Несмотря на то, что беглецы закрыли лица платками, которые нашлись в дебрях необъятного чёрного плаща Саввы, и стали похожи то ли на парочку ниндзя, то ли на двойку шахидов, вскоре у Лив закружилась голова. По тому, что её спутник на ходу стал хвататься за виски, а затылок Саввы становился все более напряжённым, Лив поняла, что его тоже пробил бронебойный лавандовый флёр. Она стала вспоминать, как действует на человека это растение, но на её памяти свойства лаванды были только и исключительно положительные. «Наверное, всё дело в дозе», — думала Лив сквозь подступающую тошнотворную муть «Когда чего-то много, пусть даже очень хорошего, это уже не очень хорошо». Ей стало жалко стражей фиолетовой границы.
Кругом, насколько хватало обзора, высились полуметровые кусты с мелкими цветами. Лив казалось теперь: всё, что она будет видеть до конца жизни, это кусты и цветы, сладко-фиолетовая пелена, и напряжённый затылок Саввы. Как-то незаметно, словно в тягучем, сне, который все никак не закончится, в этом головокружительном лавандовом мареве они минули часть пути, и в тот момент, когда безнадёжность и монотонная усталость уже совсем было свалились на Лив, Савва, обернувшись к ней, движением рук дал понять, что спасение близко.
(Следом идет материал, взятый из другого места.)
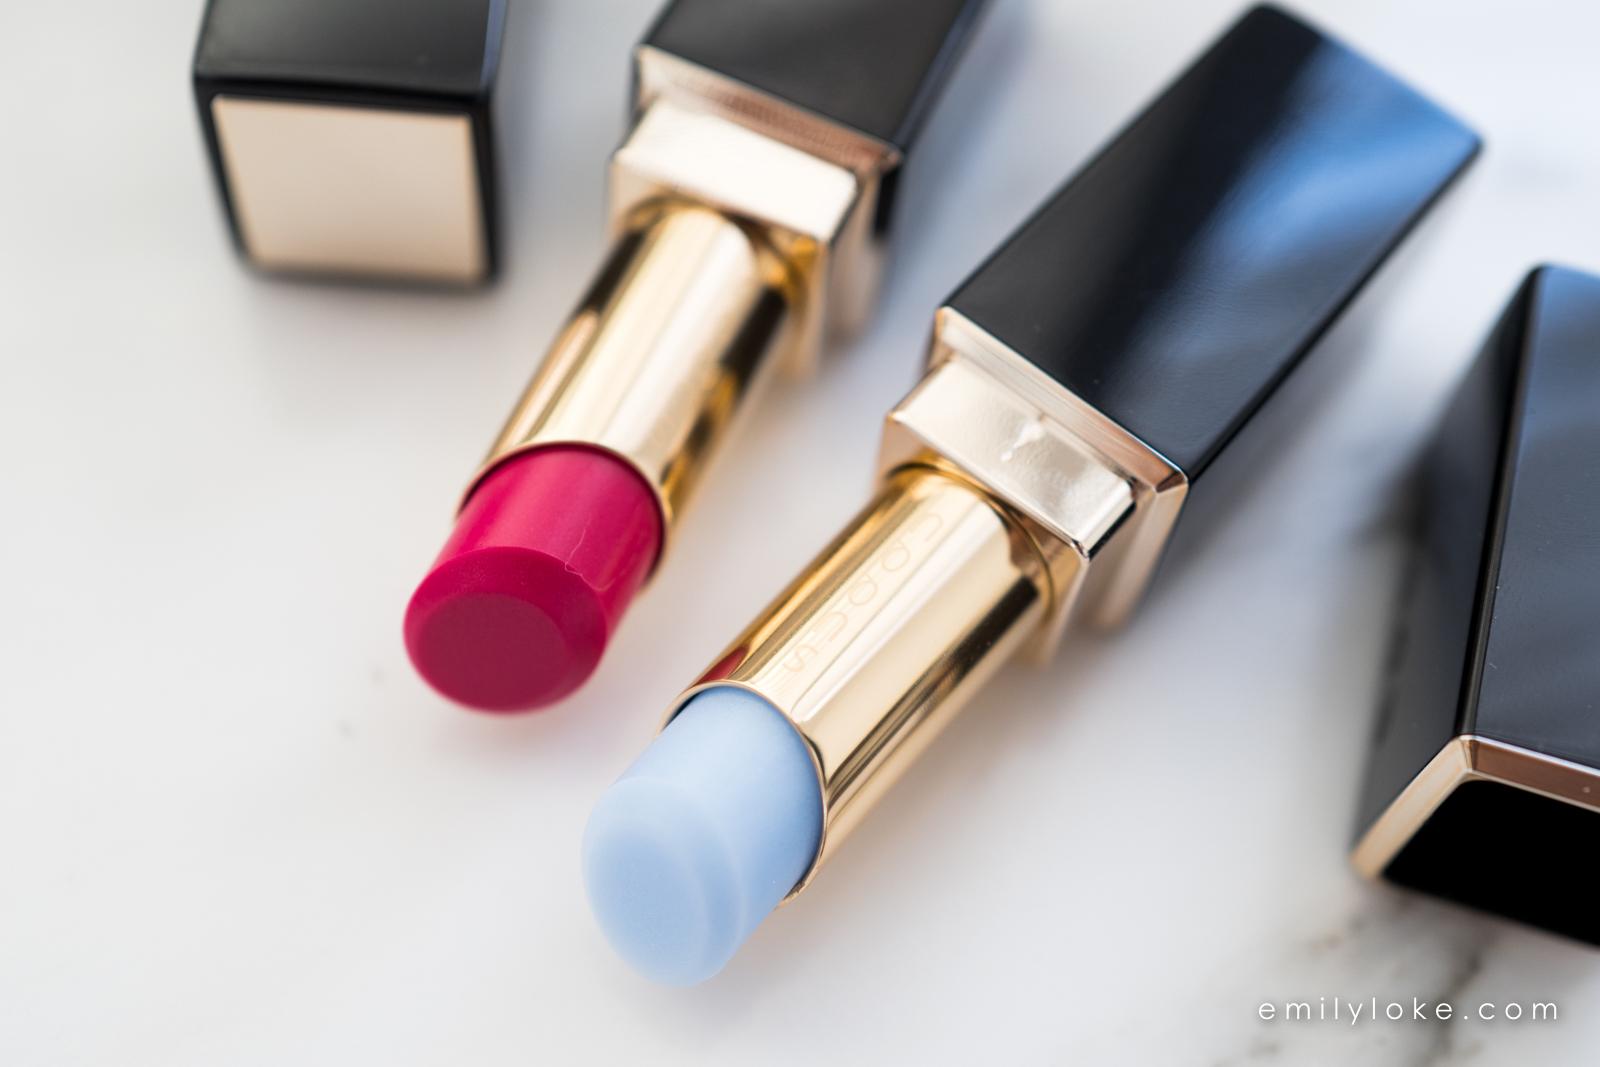 suqqu moisture rich lipsticks 2

Девушка хотела сейчас только одного — выбраться с этого бесконечного поля.
Лив казалось, что она видит то огромного кролика в бархатных штанах, сидящего на корточках под кустом и прикуривающего огромную сигарету, то приминая кусты,
Зато в густом тумане запаха вышел им наперерез Джонг, и Лив так же, как кролику и воину, совершенно не удивилась ему. Она радостно улыбнулась, приветствуя видение, пусть хоть это и была галлюцинация, но девушка была счастлива видеть зелёного стража живым и здоровым. Вот только эта иллюзия казалось не совсем Джонгом, и Лив быстро поняла, что глаза на знакомом лице были чужими. Холодными, беспощадными, глазами убийцы. А на дне их затаилась нереальная, сверхчеловеческая печаль. Савва странно дёрнулся, а галлюцинация в тот же момент выхватила из-за спины устройство, похожее на средневековый арбалет, только маленькое, словно пародия на грозное оружие, и произнёсла:
— Простите. Ничего личного. Просто мне обещали....
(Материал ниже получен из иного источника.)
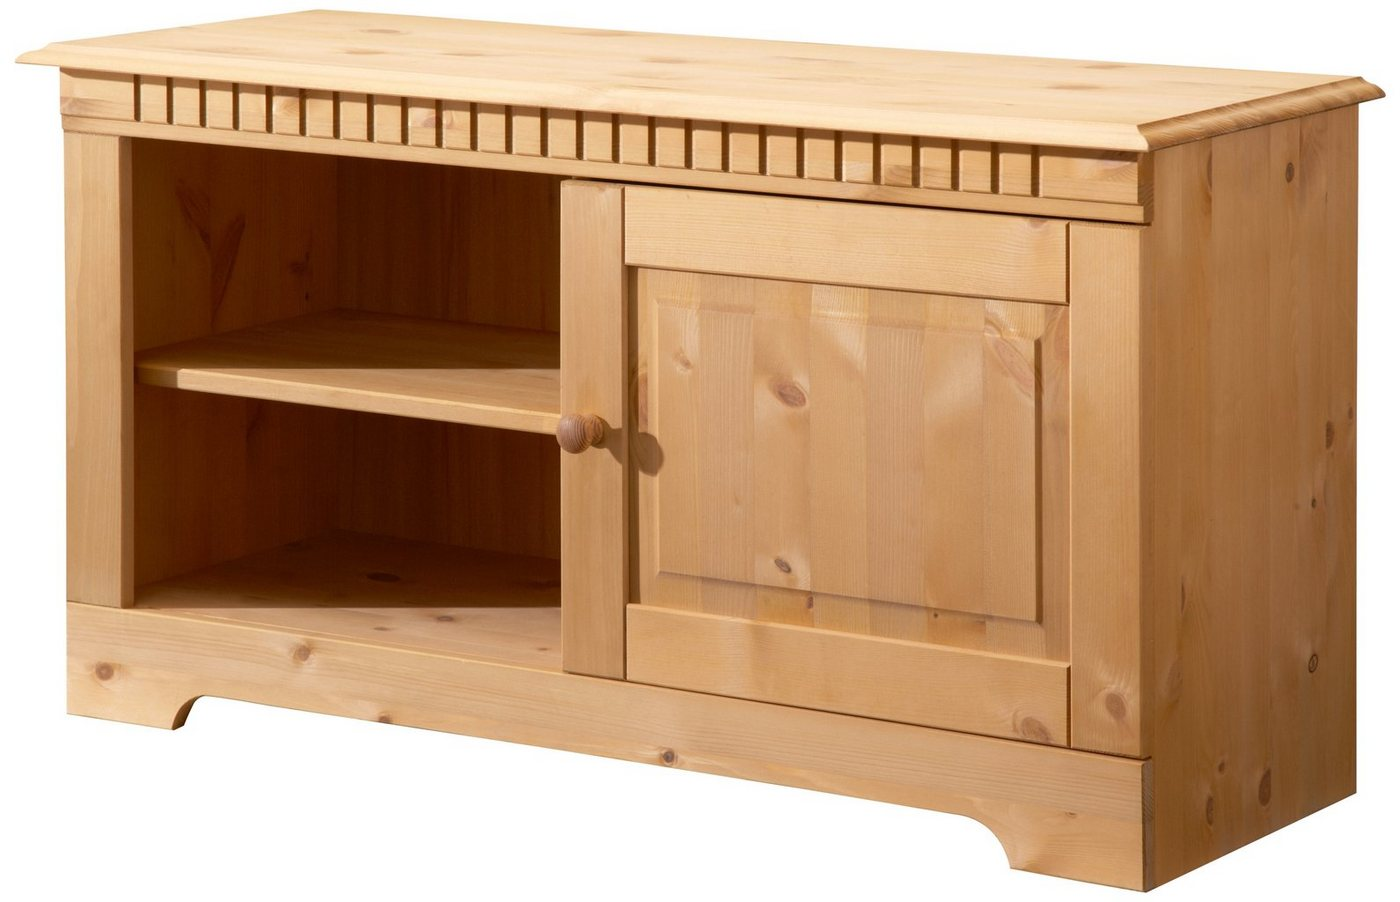 HOME AFFAIRE TV-lowboard breedte 94 cm

Лив сначала удивилась, почему Савва с таким истошным криком кинулся к видению, затем она услышала тихий хлопок и птичий писк, потом раздался ещё один приглушённый хлопок и что-то кольнуло её чуть ниже левого плеча, и тут же всё погрузилось во тьму.
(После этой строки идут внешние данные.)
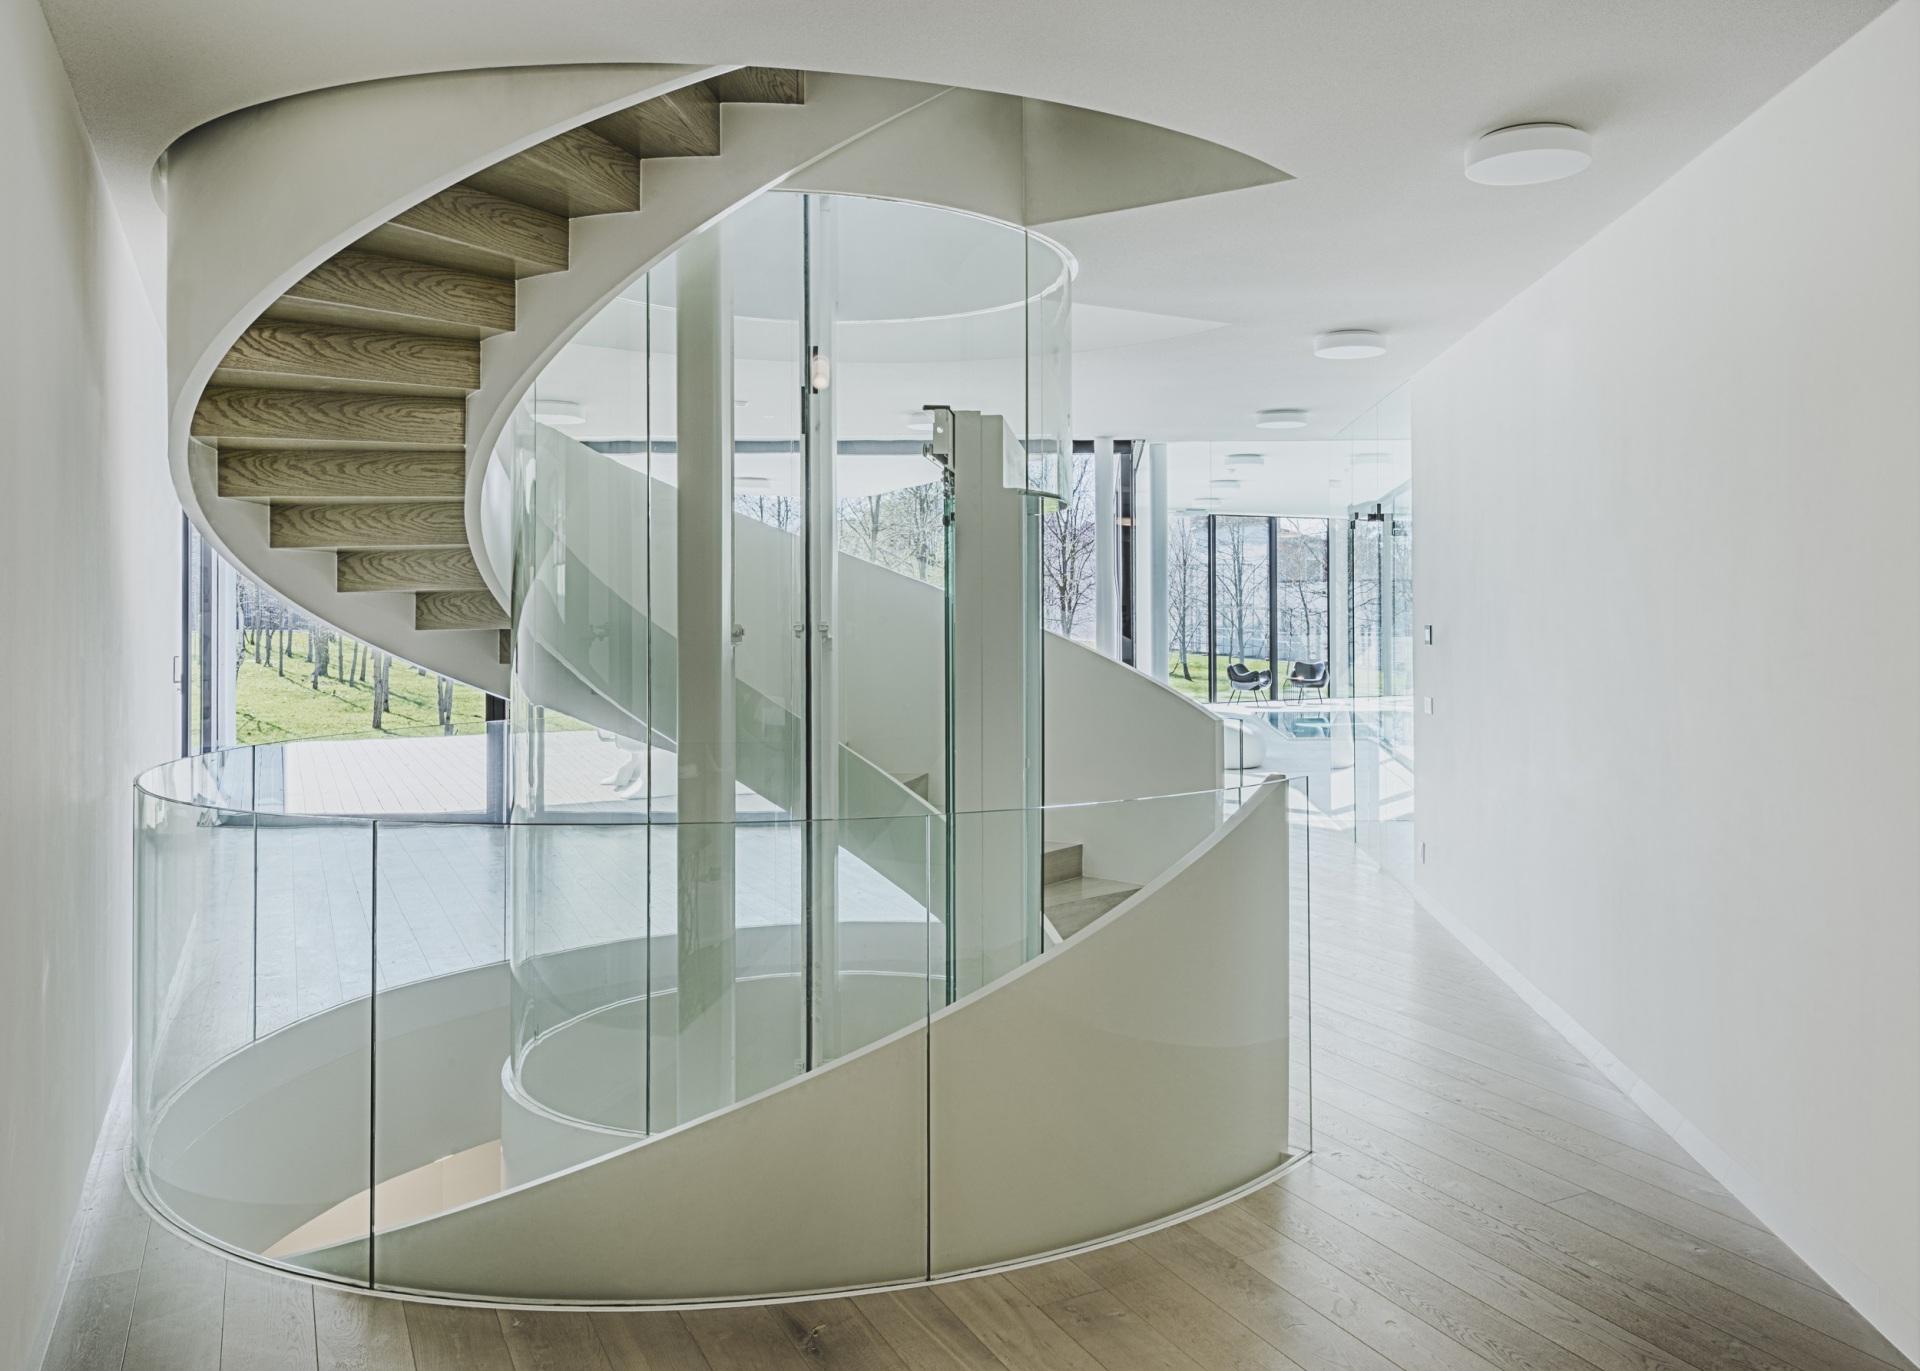 v_house_archistudio_designalive-11

«Так всегда бывает, когда герои в полушаге от спасения», — только это и успела подумать Лив, медленно опускаясь в ласковые волны беспамятства.
ЧАСТЬ ТРЕТЬЯ. ИЗНАНКА
Глава 1. Дети подземелья
«Минотавр, как и все химеры, соединяющие в себе животное и человеческое начало, доминирует властью зверя над чистой божественной мыслью. Он является стражем лабиринта — это все ужасы, опасности и преграды на пути к главному, основному, то есть высшим духовным ценностям. Когда-то, как и все выжившие из колоды, он был нечто иное. Я не понимаю сейчас этот абсолютно утерянный смысл, но, кажется, это была высшая мера справедливости и вместе с тем — радость просветления, возможность вечного перерождения. Утратив что-то невероятно важное, он стал тем, кем является ныне — палачом, несущим в самом себе неотвратимое наказание. Что я помню о нём? Только как царь Минос специально приезжал в Афины выбирать жертвы, которые либо погибали от рогов Минотавра, либо были обречены до самой смерти бродить по лабиринту в поисках выхода. Глупцы, они видят в нём сегодня только символ борьбы ума и сознания с тёмными инстинктами. Но кто скажет, что нельзя в одном соединить звериную жестокость и человечность, гнев и страдание, смерть и необычайную жизнеспособность? Пожалуй, минотавр — один из лучших символов сознания человека, живущего под вывернутыми смыслами.